Potężna eksplozja wstrząsnęła we wtorek 4 października zakładami zbrojeniowymi Arsenał w środkowej Bułgarii. Był to już kolejny w ostatnich wybuch w bułgarskich zakładach zbrojeniowych w tej części kraju.

Publiczna rozgłośnia radiowa w Bułgarii poinformowała, ze wskutek wtorkowego wybuchu trzy osoby poniosły śmierć, a kolejne trzy doznały obrażeń. Zostały one niezwłocznie przewiezione do szpitala w Starej Zagorze.

Jak podano, eksplozja nastąpiła w znajdujących się w Kazanłyku w centralnej części kraju zakładach zbrojeniowych Arsenał. Wybuch miał miejsce w magazynie, gdzie przechowywano materiały wybuchowe. Świadkowie zgodnie zeznają, że wybuch miał ogromną siłę, a w jego następstwie nad budynkiem pojawiła się sporych rozmiarów czarna chmura. Tamtejsze władze powołały specjalną komisję, której zadaniem jest zbadanie i wyjaśnienie przyczyn całego zdarzenia.
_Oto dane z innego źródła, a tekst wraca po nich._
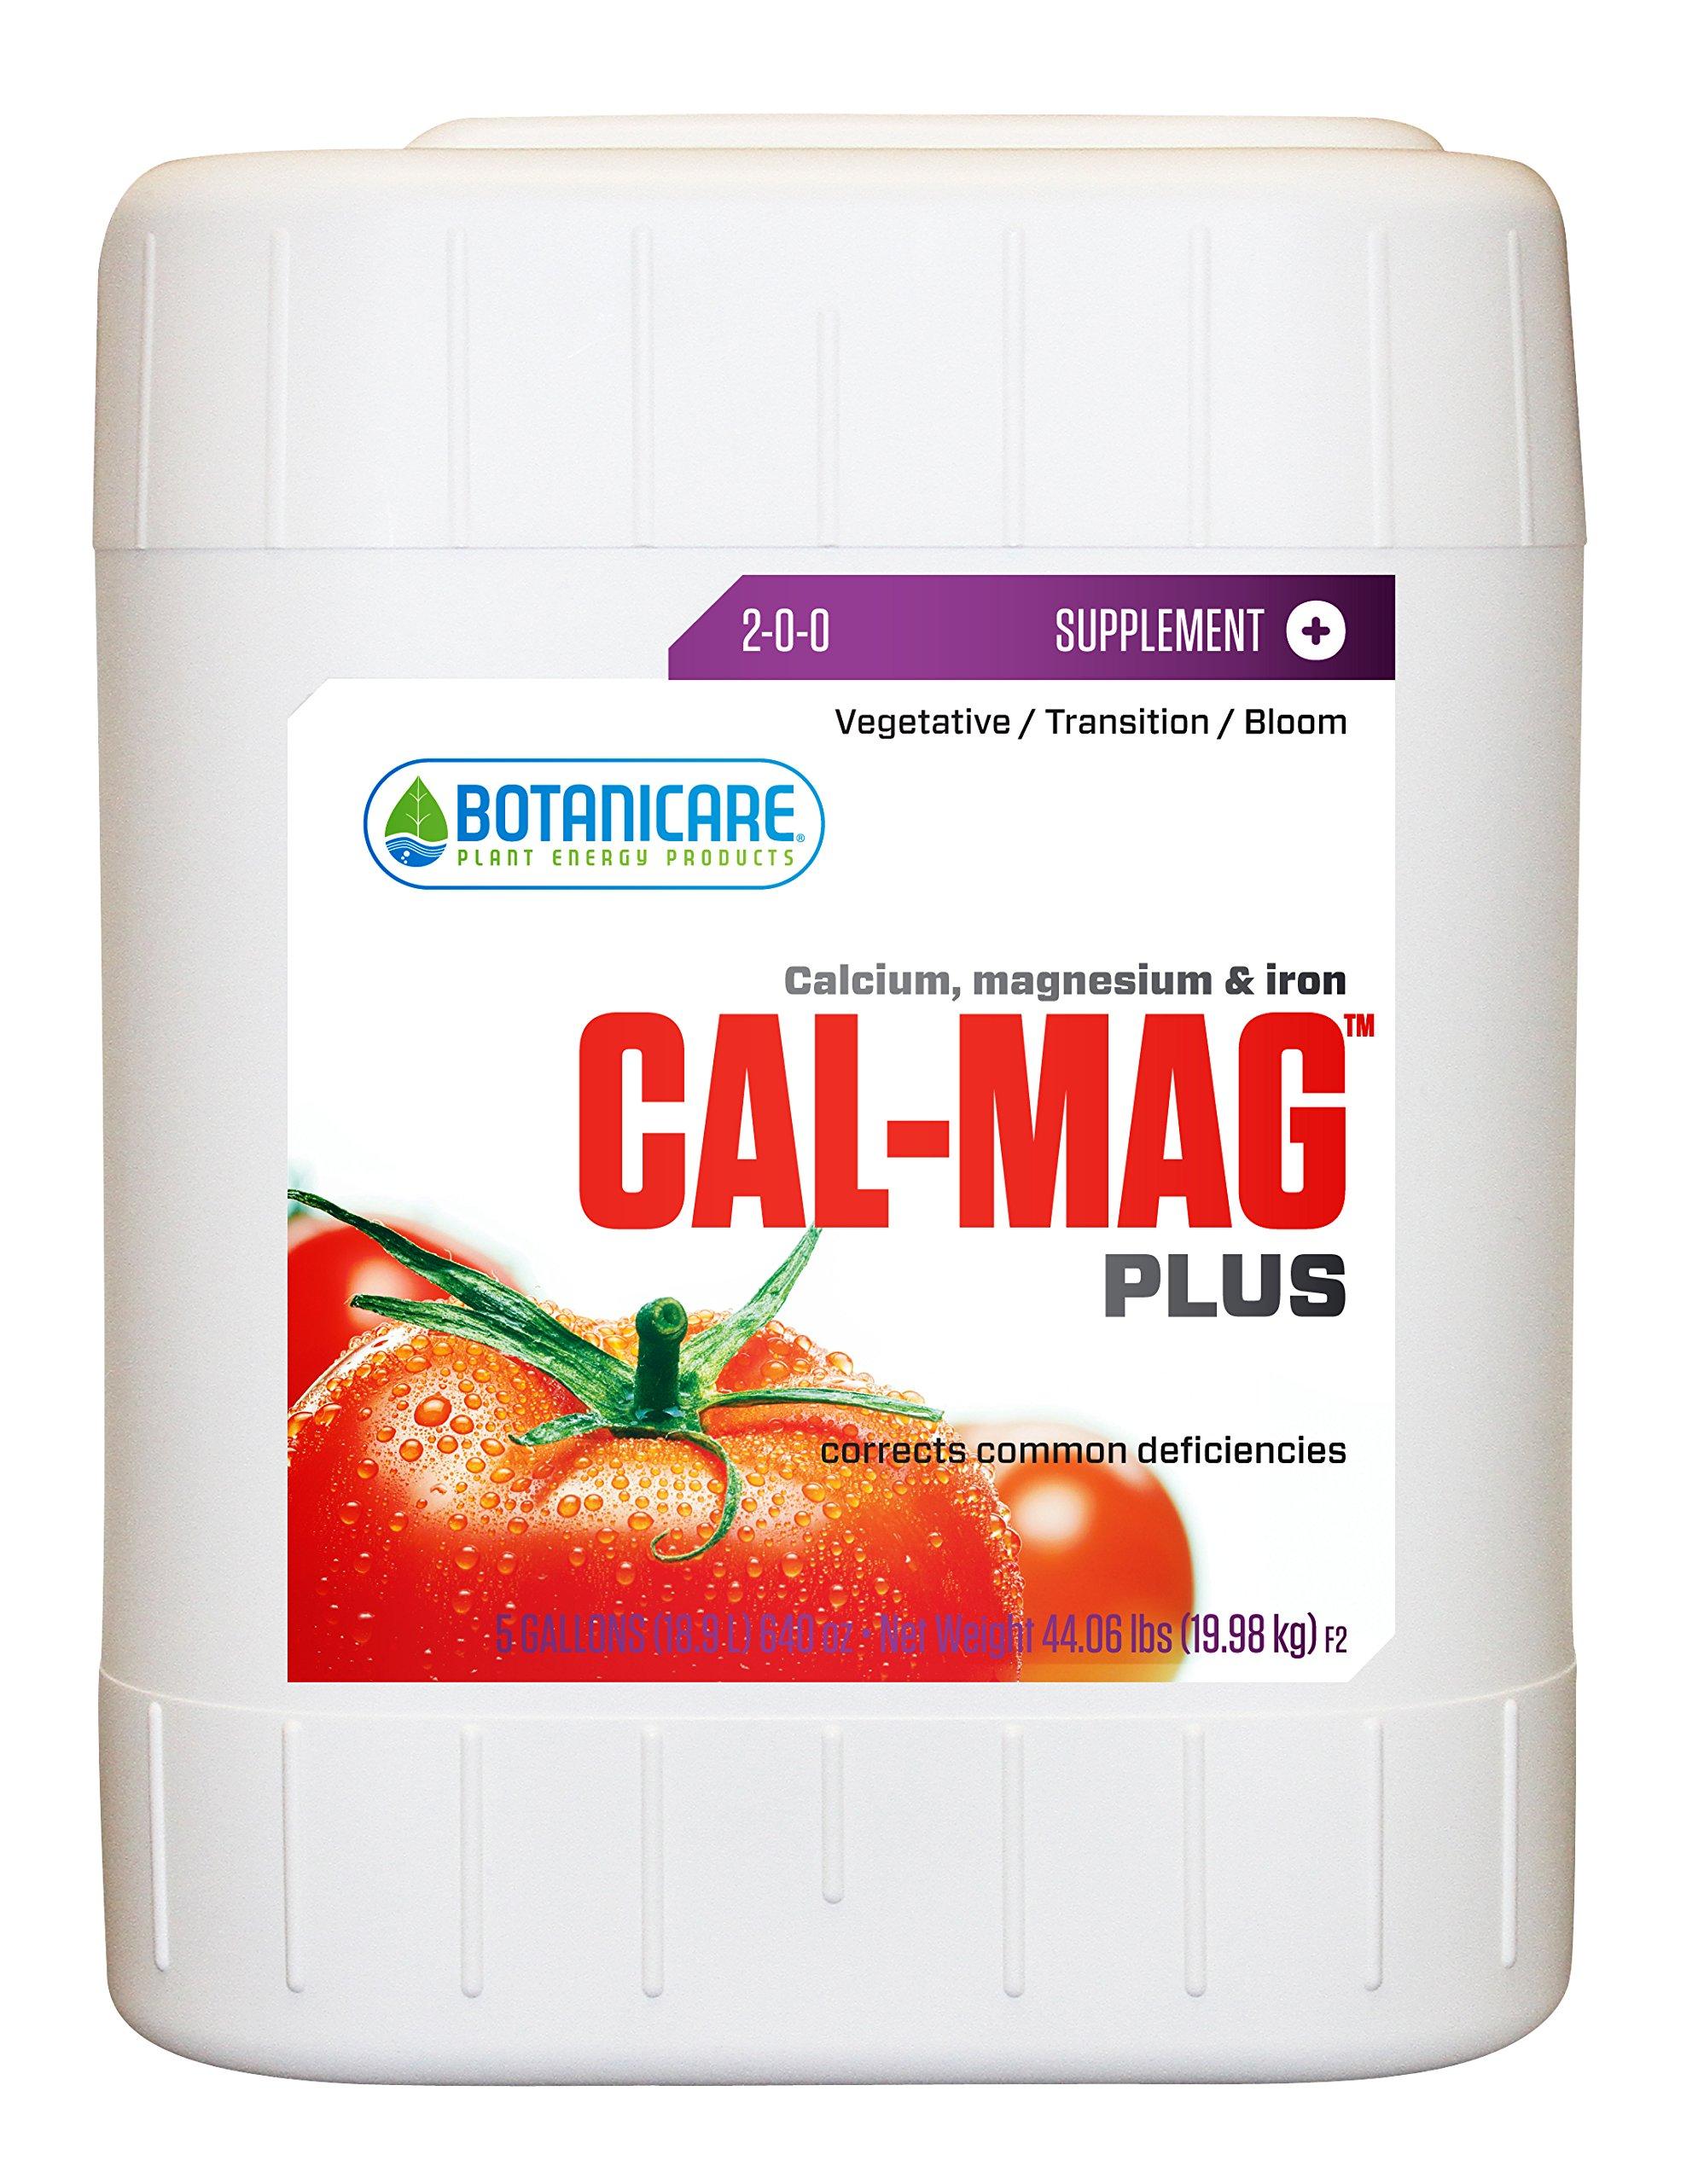 Botanicare HGC732125 Cal-Mag Plus Calcium, Magnesium & Iron Plant Supplement 5-Gallon

Wtorkowy wybuch nie jest pierwszym tego rodzaju w Bułgarii. Na przeciągu kilku ostatnich lat w zakładach zbrojeniowych w Kazanłyku oraz leżącym w północno-zachodniej części Bułgarii Łomie i kilku innych miejscowościach doszło już do szeregu podobnych eksplozji, w których śmierć łącznie poniosło 20 osób. W ubiegłym roku bułgarska prokuratura poinformowała, że podejrzewa Rosję o wywołanie przynajmniej części tych eksplozji.